[dns-operations] Trustworthiness of PTR record targets

Peter Koch pk at DENIC.DE
Tue Mar 4 11:24:13 UTC 2014

On Mon, Mar 03, 2014 at 05:26:54PM +0000, Stephen Malone wrote:

> 1.       In general, can I trust PTR records? Is ownership of the target domain validated at setup time by ISPs, and if yes, how is this done?

the presence and content of a PTR RR is solely controlled by who ever
controls the content of teh DNS reverse mapping zone (assuming we're
talking about PTR use for mapping v4 or v6 addresses to some hostname).
That may or may not be an ISP, enterprise, end user.
The DNS itself does not provide a consistency check, therefore the PTR
RR may point anywhere, including non existing names and in no way
you can assume that the name pointed to as an A or AAAA RR attached
to it that would refer to the "address" you started at.

> 2.       If ownership of PTR targets is not routinely validated, is there a risk that the target domain could be blacklisted by anti-spam providers?

Since "anti-spam provider" is not a vetted denomination, and one way or another
some of "them" have done interesting things in the past, there's always a risk.
If you mean that the target of the PTR RR (or, more precisely, the organisation
in control of the target name), runs at risk for being shunned just for the presence
of their name in a PTR RR - you never know.

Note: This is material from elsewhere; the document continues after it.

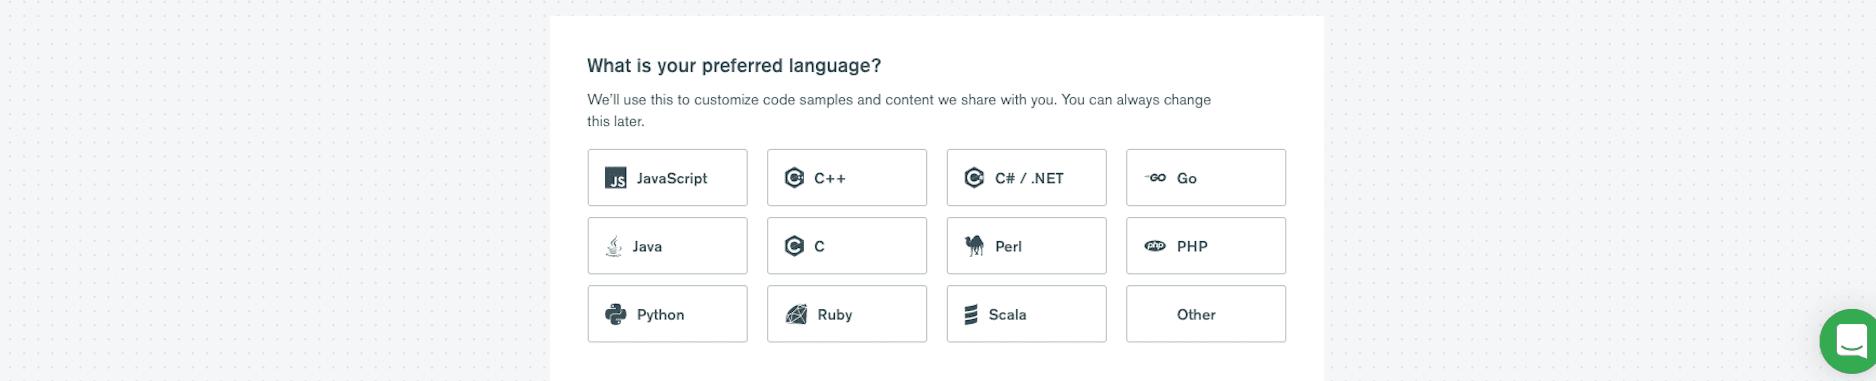 Select preferred language at MongoDB Atlas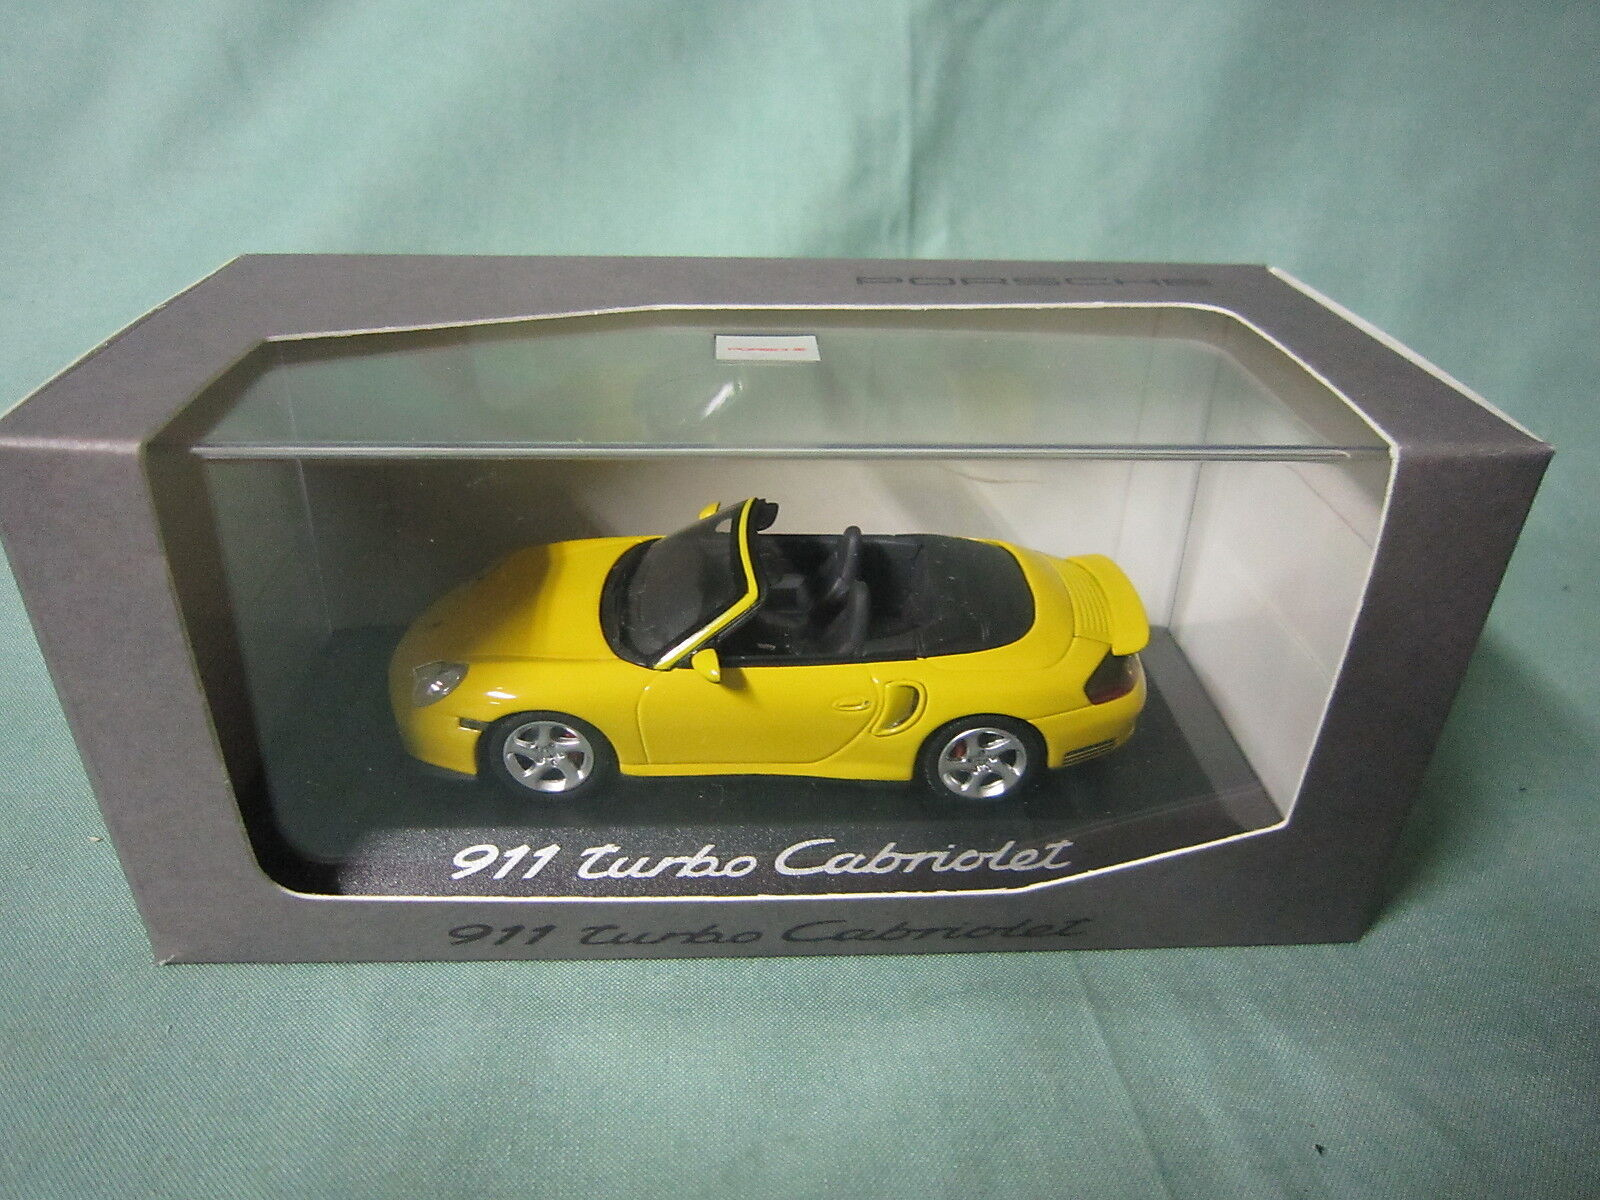 Dv4962 minichamps porsche 911 turbo cabriolet ref wap - 020 102 14 1 43 nb

One practice is to treat the PTR RR as an indication and then do a cross check.
That fails often enough in otherwise benign situations, so the failure case
is again only remotely indicative of trouble.  You'll find people who violently
oppose the "use" of DNS reverse mapping as well as advocates in the other direction -
to the extent that last time we tried to distill guidance into an RFC in the IETF, we
failed miserably.

DNSSEC does in NO way change that game, btw.